10.28.2010

Choosing not to eat meat

This entry is part of my journal from Semester in the West. For all SITW journal entries, click here. For all SITW posts, including blog posts I wrote while on the program, click here. To learn more about the program, click here.

camp: with Bill deBuys, Northern New Mexico


I read activists and revolutionaries who are determined to overthrow the system. I see what they see—the scale of our destruction, the countless human and non-human casualties—but I can’t imagine a better world wrought through revolution. Maybe it’s history or my conviction that people are neither wholly evil nor predisposed to do no harm. Maybe it’s the lack of a blueprint or roadmap to that better world, or the rhetoric that seems so hostile towards humanity telling me I should want to go there. I’m reluctant to deny personal responsibility, although I know my choices won’t end sweatshops or factory farming. It’s easier to blame the system and say I have no choice. But “the system” is made of people too. At what point am I affirming my own powerlessness by participating and at what point am I simply perpetuating injustices? If eating factory farmed meat is ok because I didn’t build the infrastructure that tacitly endorses torture, is it ok to work in a slaughterhouse? To manage the kill floor? To oversee inspections for the USDA? To be a PR rep for Tyson? What about board member, stockholder or CEO? The intricacies of industry make determining the least destructive option difficult, to be sure. But once you have, it becomes difficult to maintain the moral high ground that nothing I do matters.

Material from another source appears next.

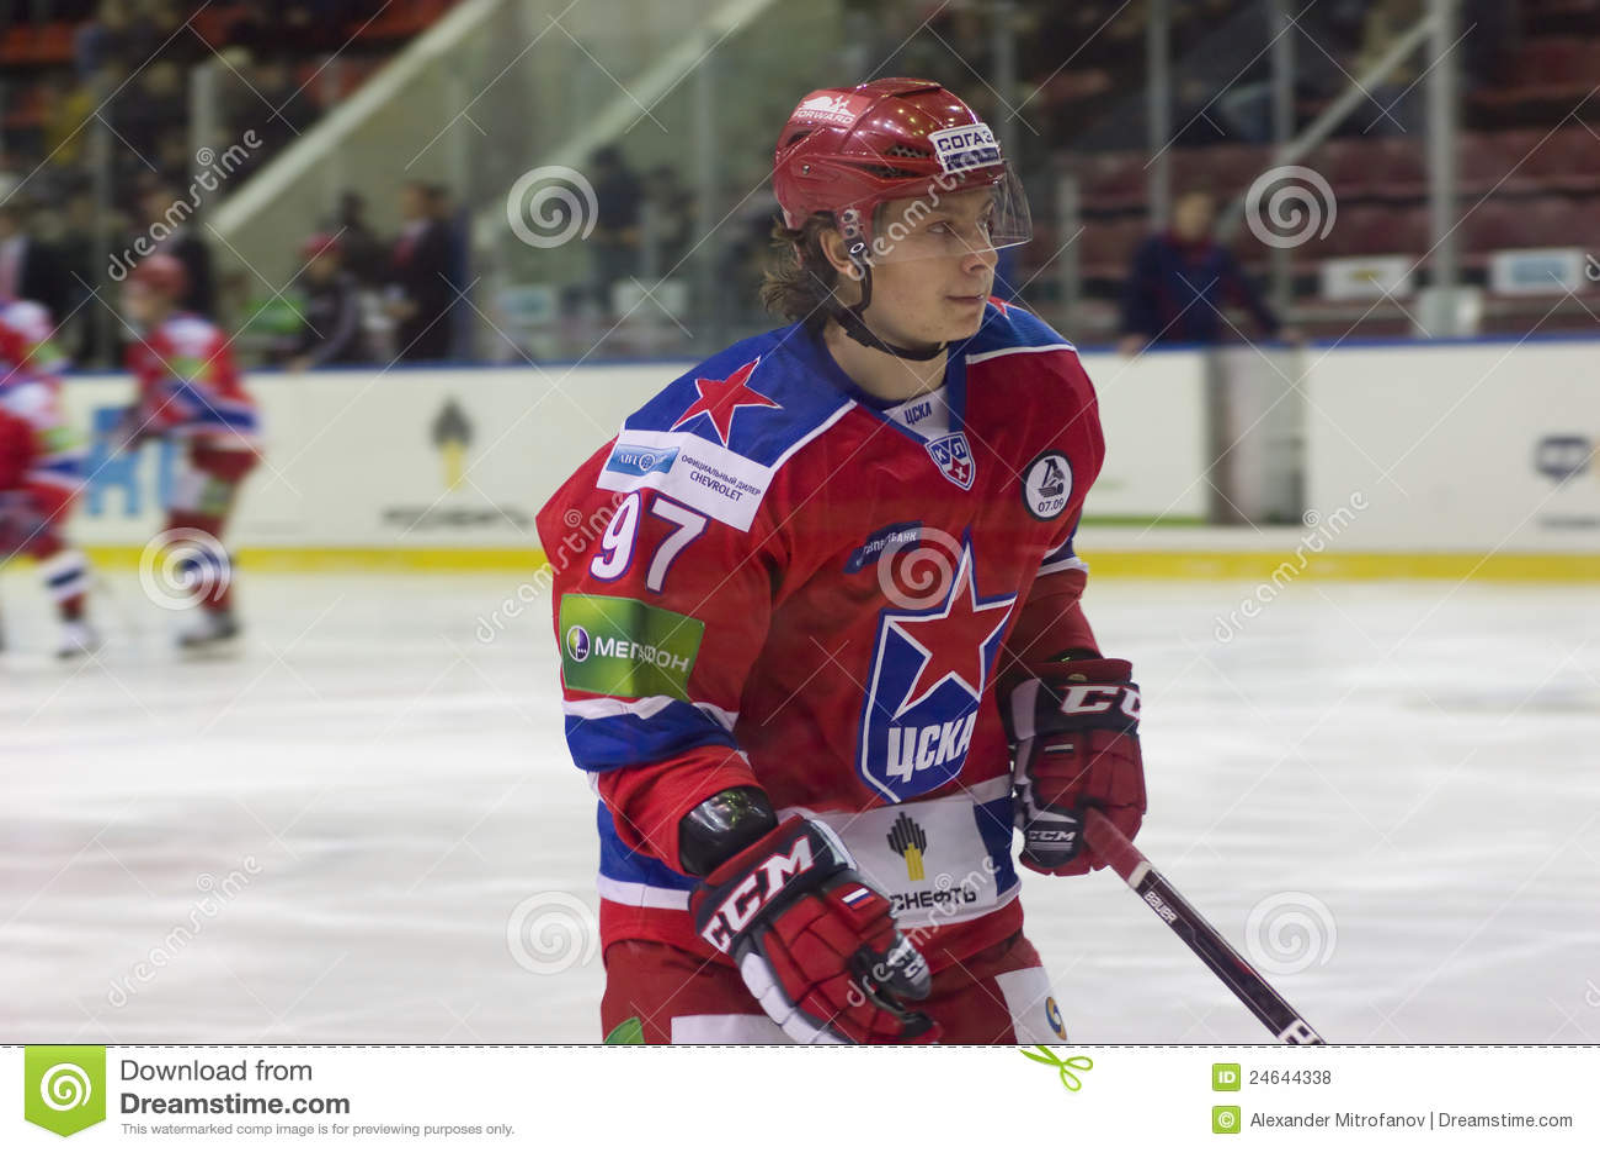 Gusev Nikita. Forward Of CSKA Team Editorial Stock Photo ...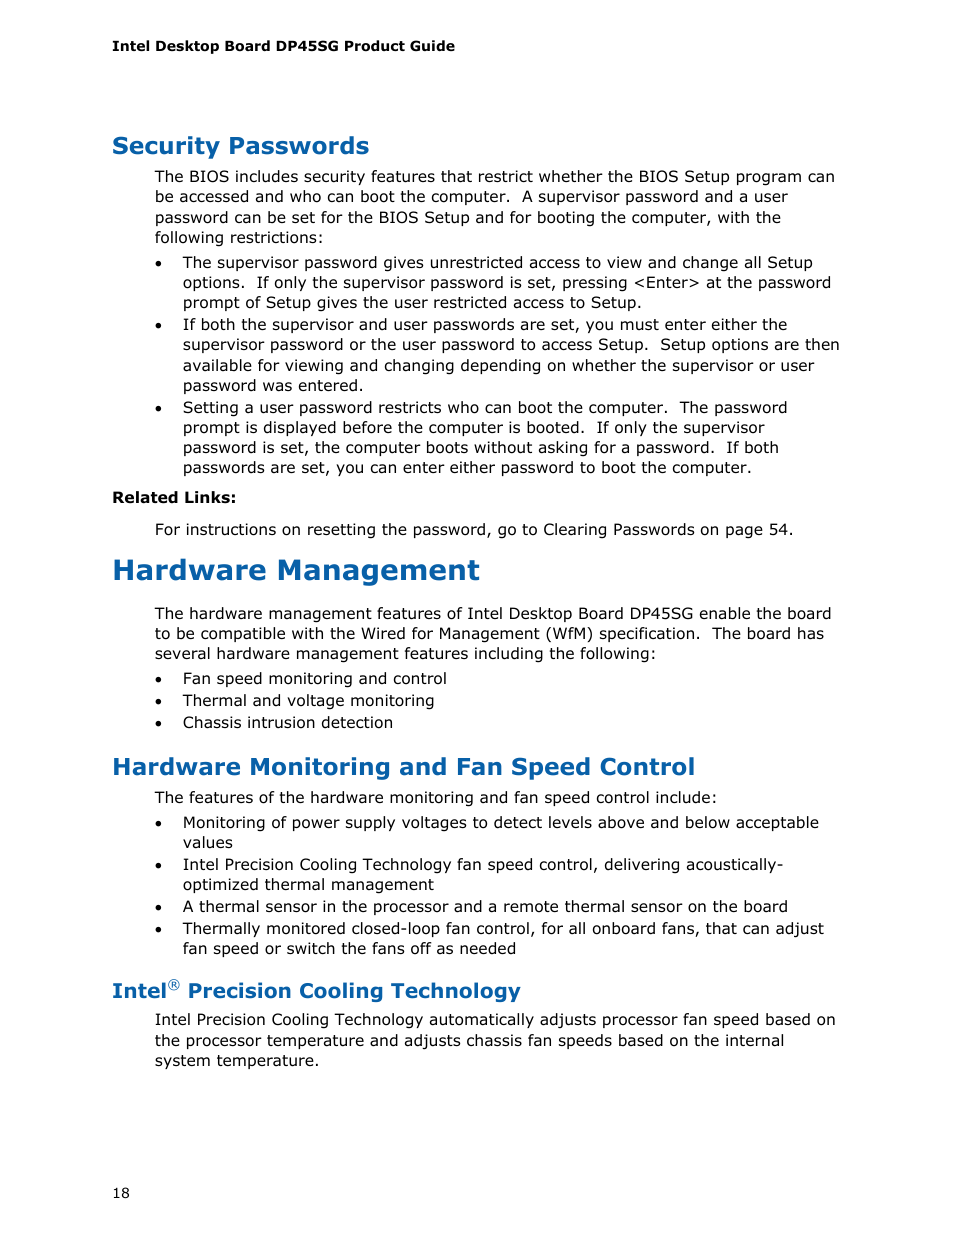 Security passwords, Hardware management, Hardware monitoring

I draw that line at agency, I suppose. It’s so clearly wrong to systematically torture animals and so easy not to participate. Crops kill animals and so do dams, but crops are needed to make meat, and nothing systematically tortures animals quite like a factory farm. Saying I don’t want to eat that isn’t enough—it won’t stop those farms from existing and it won’t meaningfully change anything. But I still believe it matters. I’m not absolved of guilt or responsibility. I eat things that are still killing the planet, if a bit more slowly. I can’t articulate exactly why I feel so strongly about this, but I know absolutely that I do. Some things matter, and how I choose to live my life is one of them. I can’t change the world with that I eat for dinner, but I can help clarify my own vision and start painting a path to the world I want to live in.